Parameter Name | Parameter Used |
Number of layers | 4 |
Number of neuron in three layers | 150 |
Number of neuro in output layer | 2 |
Activation Function | sigmoid |
Activation Function at output layer | softmax |
Optimizer | Adam |
Learning rate | 0.001 |
Objective / loss function | binary_crossentropy |
Model checkpoint | val_accuracy |
Reduce learning rate on plateau | Factor = 0.001 |
Early stopping | patience = 5 |
Dropout | 0.3 |
Batch_size | 256 |
Epochs | 400 |
Table 1. Selected DNN architectural parameters from Pakhrin et al.

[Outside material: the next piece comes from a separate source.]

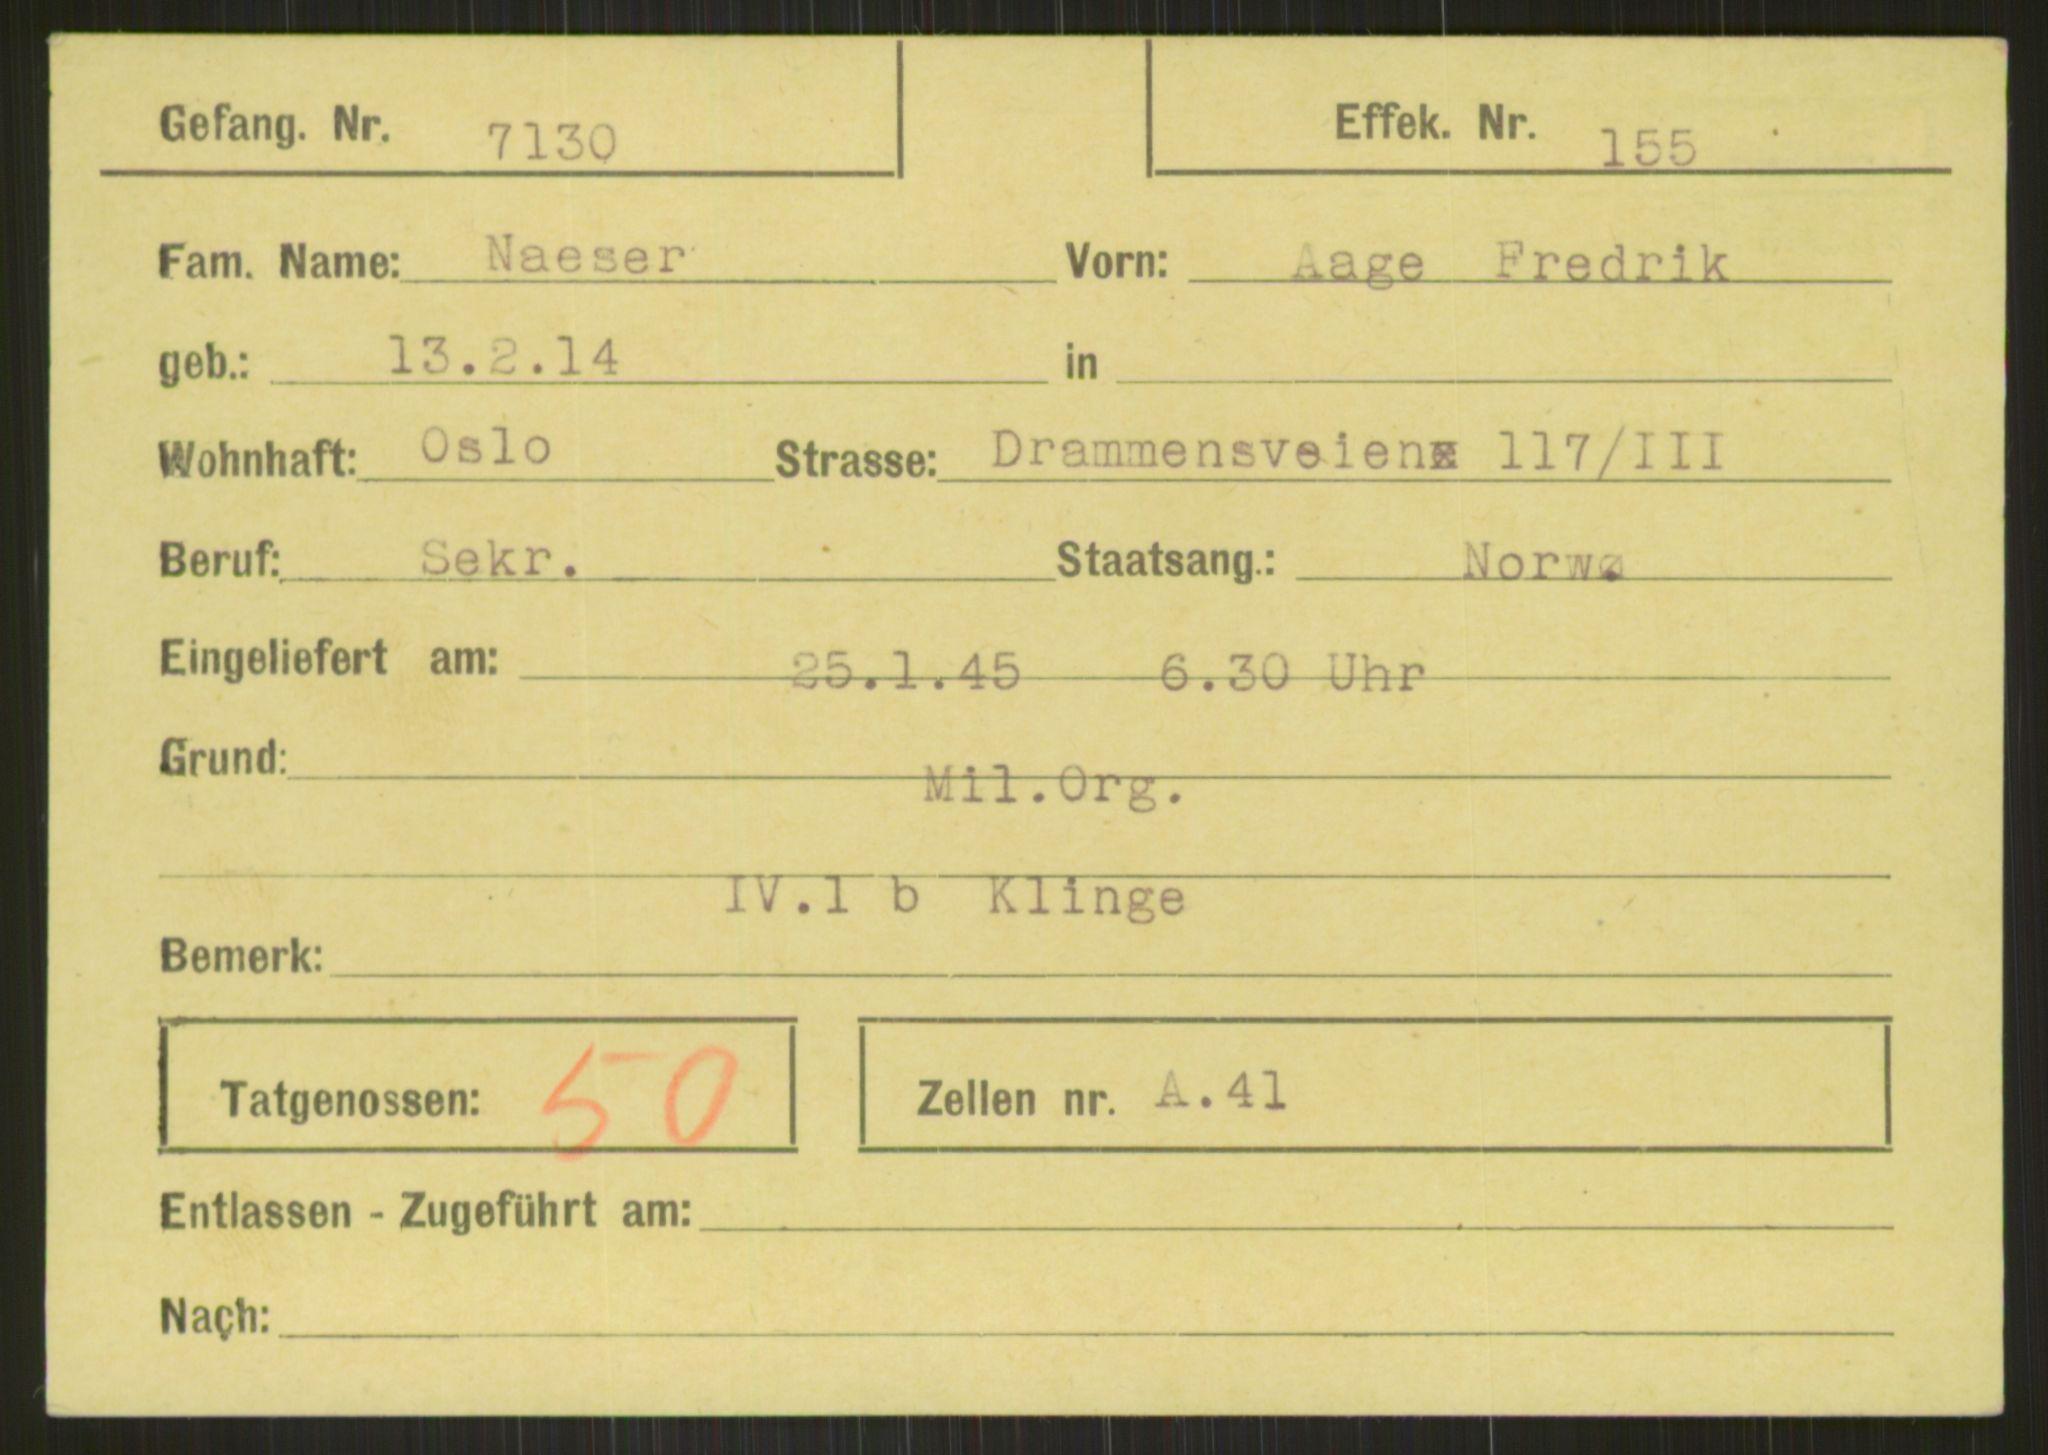 RA, Befehlshaber der Sicherheitspolizei und des SD, E/Ea/Eab/L0008: Register over norske fanger i Møllergata 19 ordnet etter fangenummer: 7130-7531 + 7474, 1940-1945

The best features in predicting glycosylation were structure-based, determined by NetSurfP-3.0. Optimal window size for NetSurfP-3.0 predictions was dependent on training sets (N-GlycositeAtlas = 41, N-GlyDE = 25). Window size is defined as the number of flanking residues surrounding (and including) central asparagine of the glycosylation motif (N-X-[S/T]). This suggests potential for refinement via alternative structural prediction tools (i.e. Rosetta) and further optimization of window size with additional data.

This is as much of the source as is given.